*** Opening of The data ***
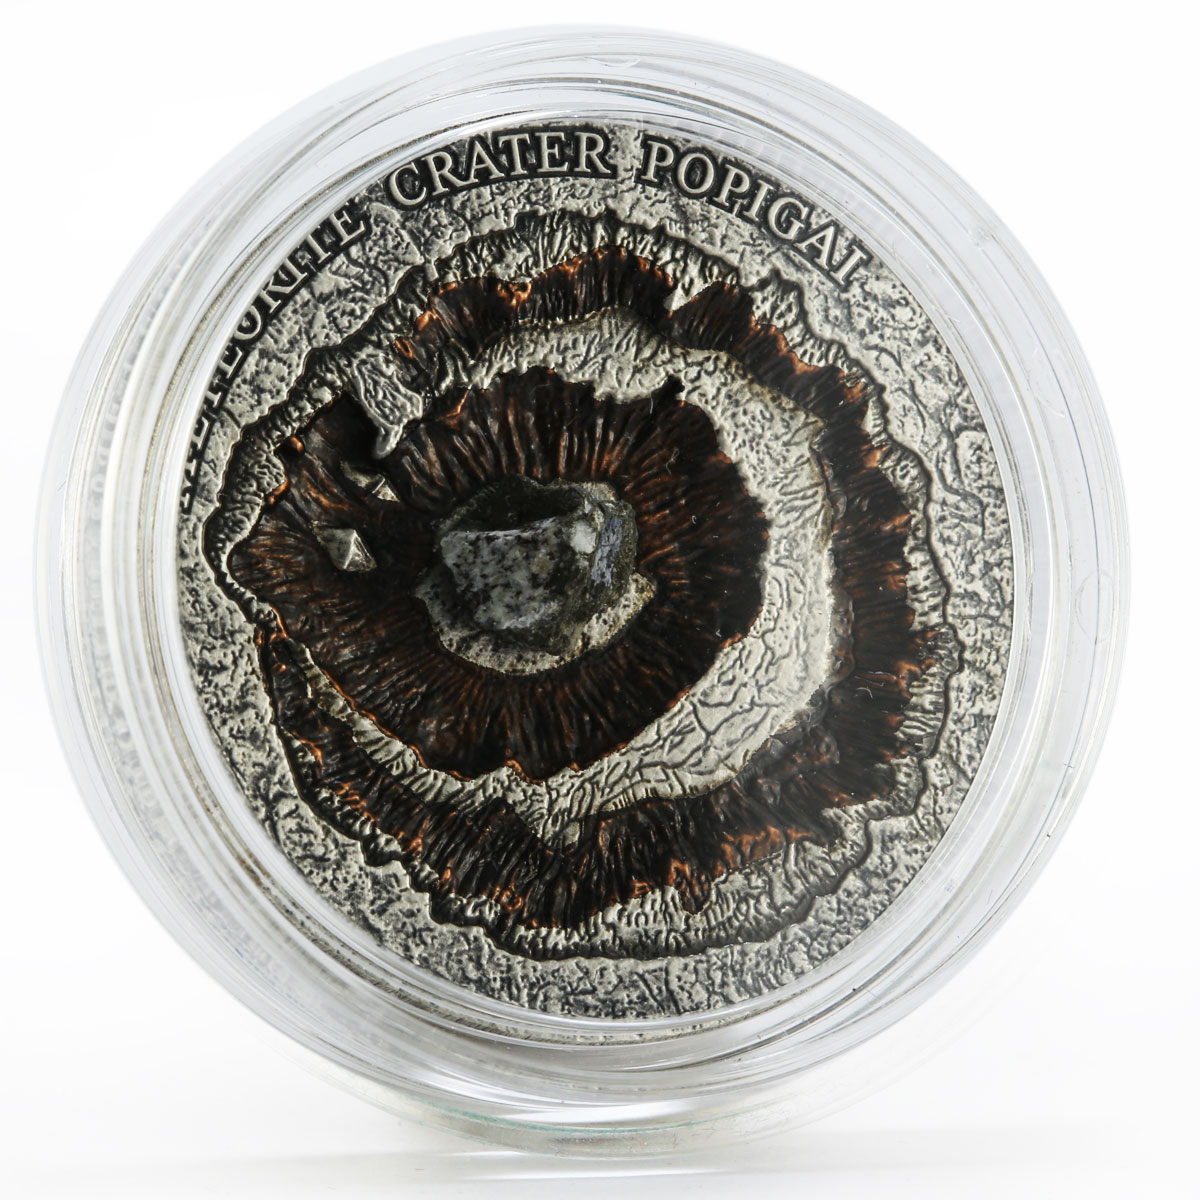 Niue 1 dollar Meteorite Craters series Meteorite Popigai Crater silver coin 2016
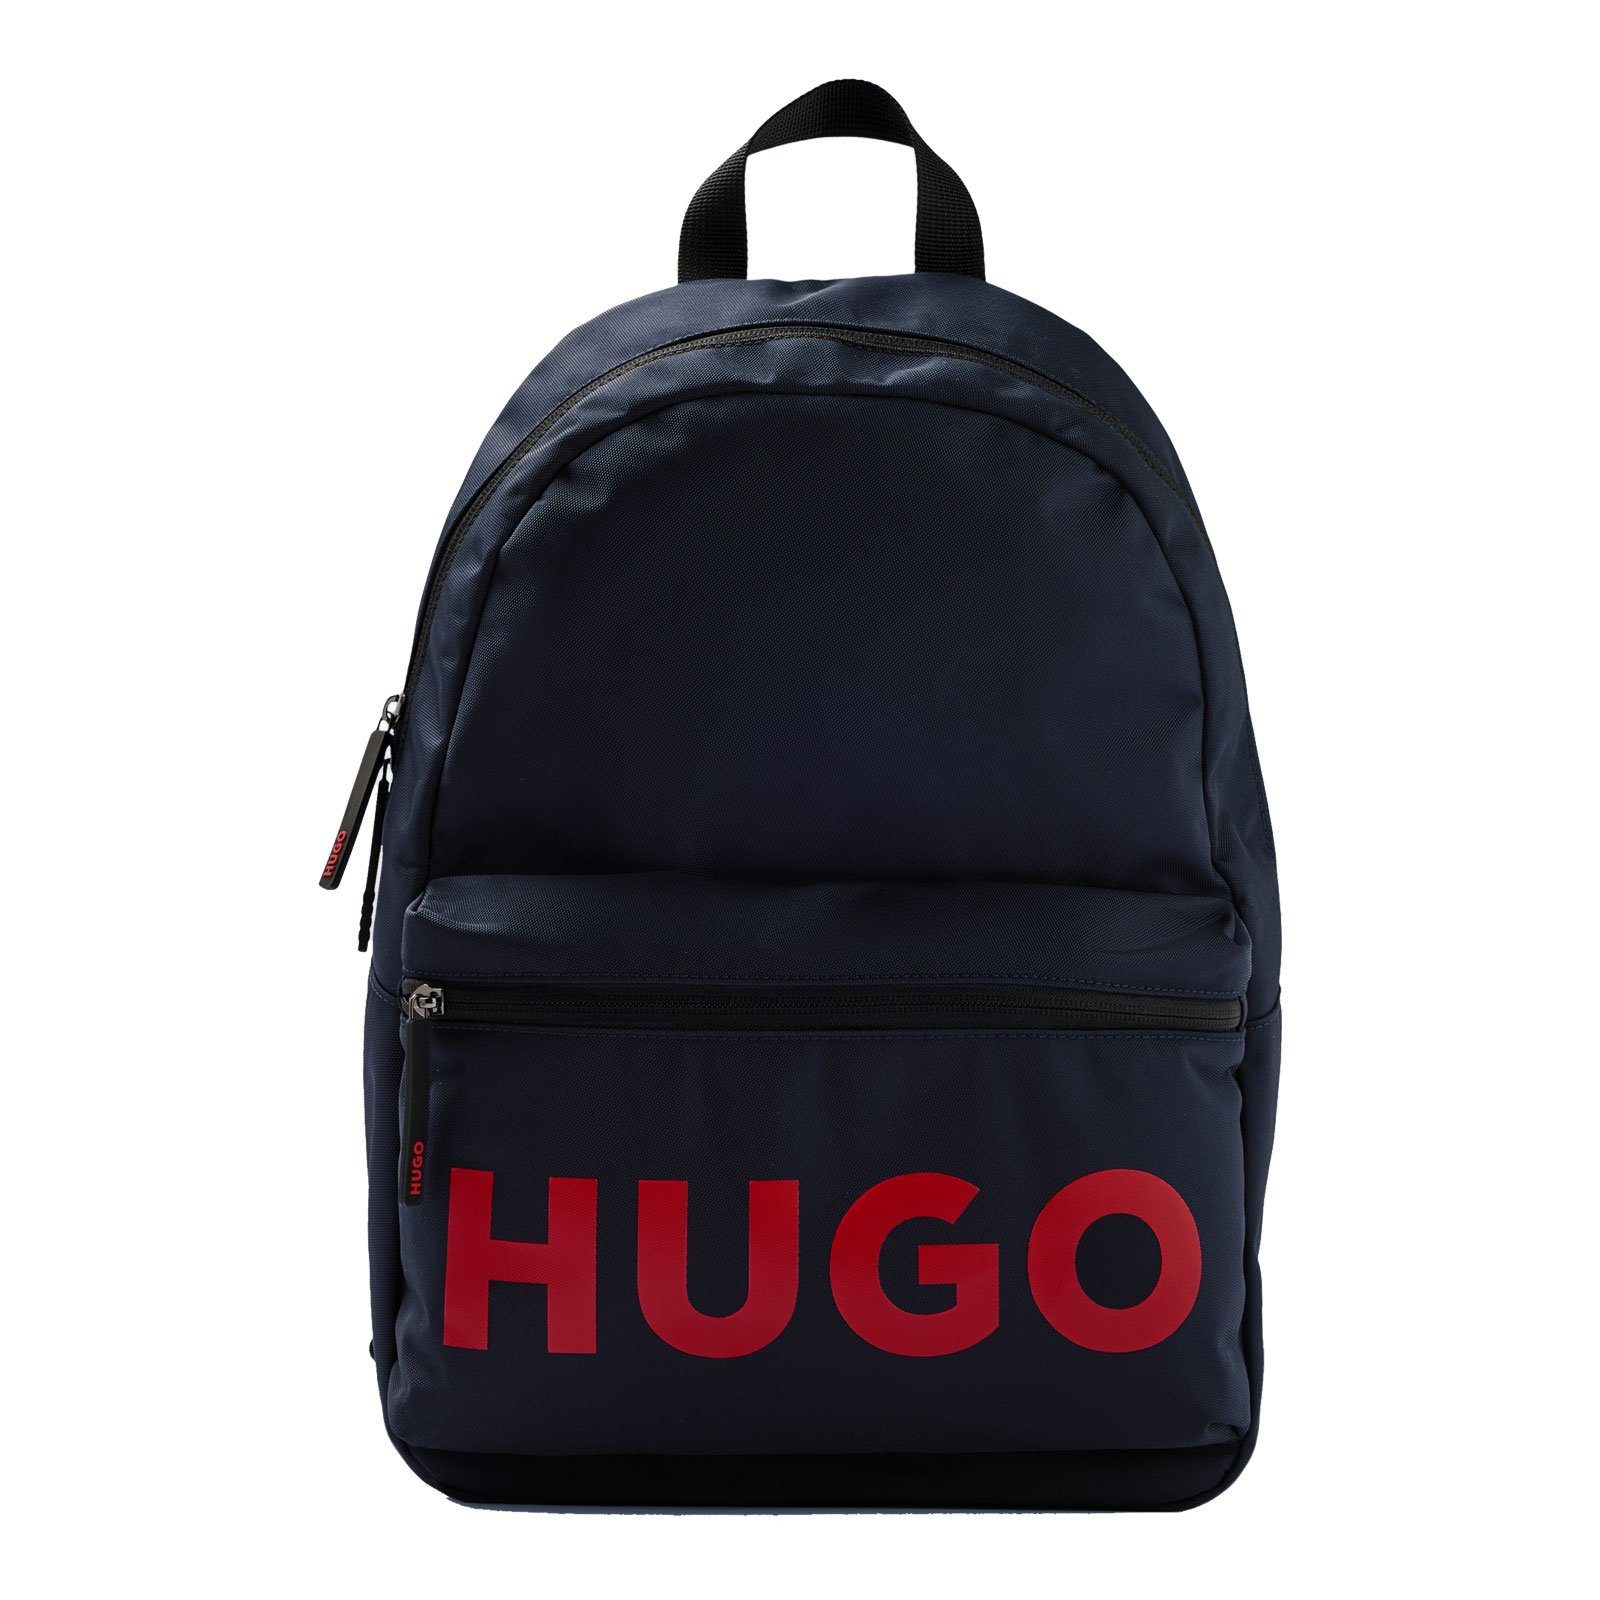 HUGO BL, charakteristischem Rucksack Logo Ethon mit Blau
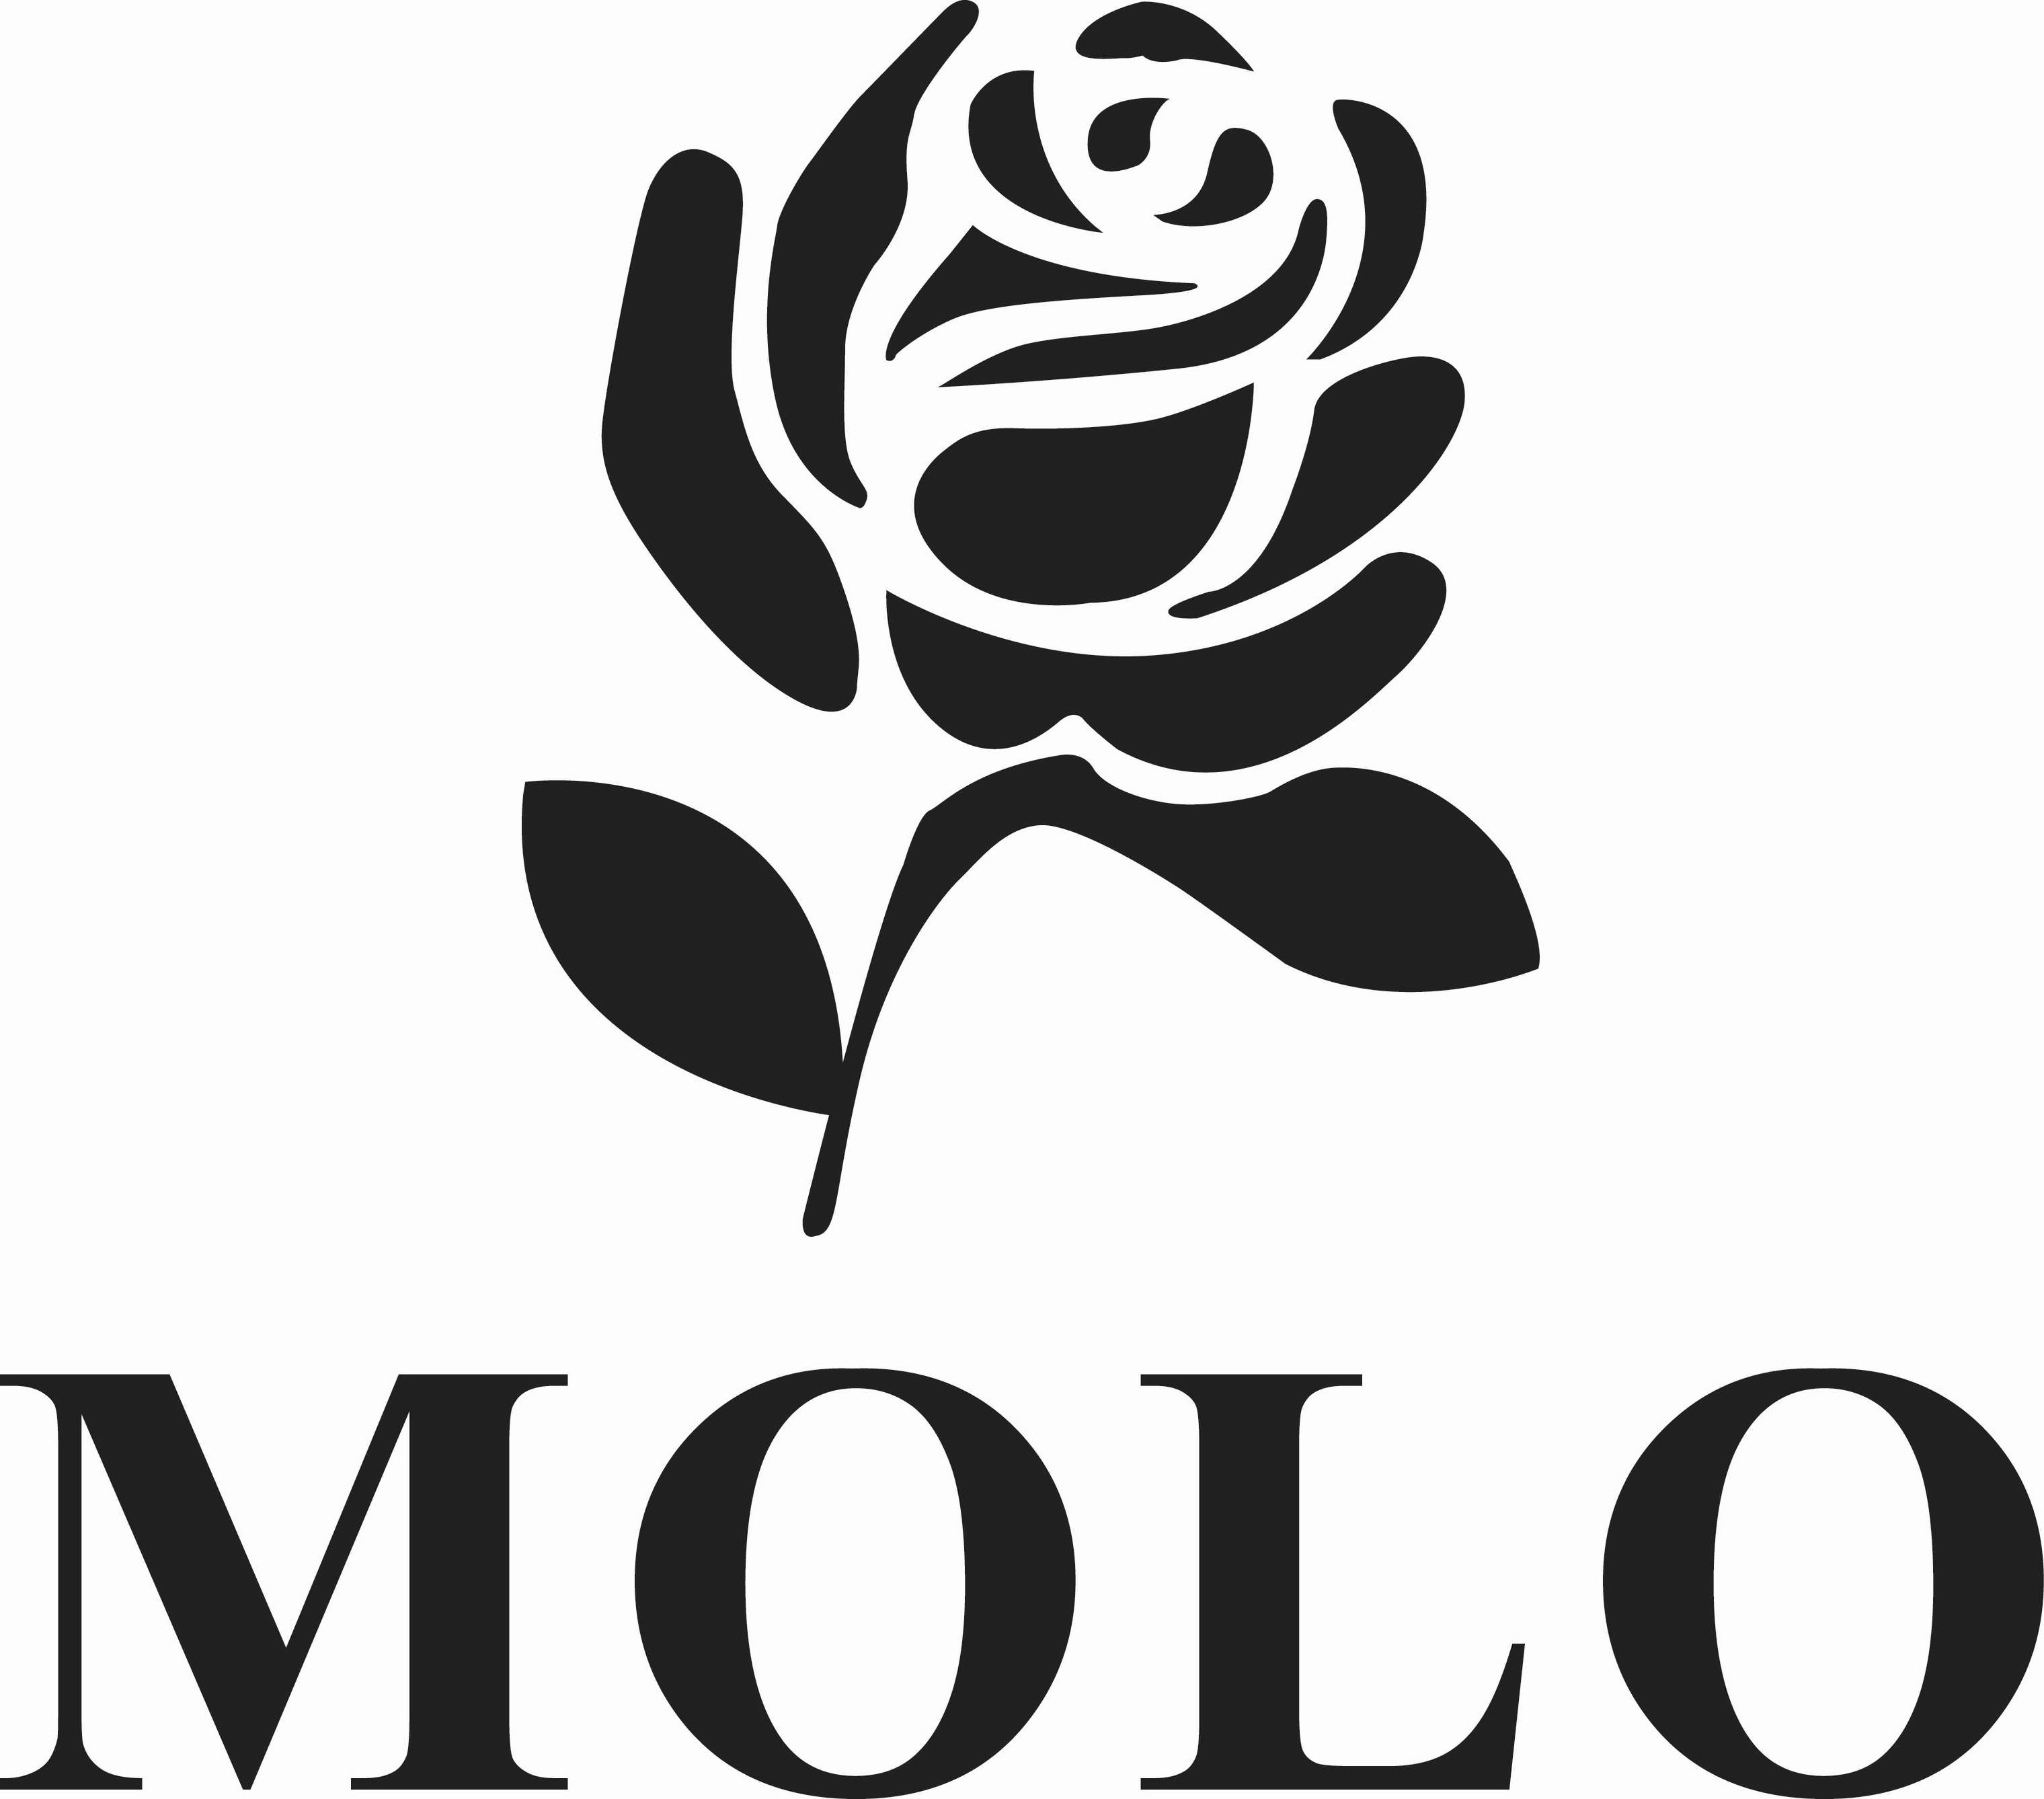 MOLO
*** Close of The data ***
About this task:
Leave out the pictures, then reproduce exactly the run of lines from the one that contains "HUGO BL, charakteristischem" to the final line of the listing above.

Finished task:
 HUGO BL, charakteristischem Rucksack Logo Ethon mit Blau
 MOLO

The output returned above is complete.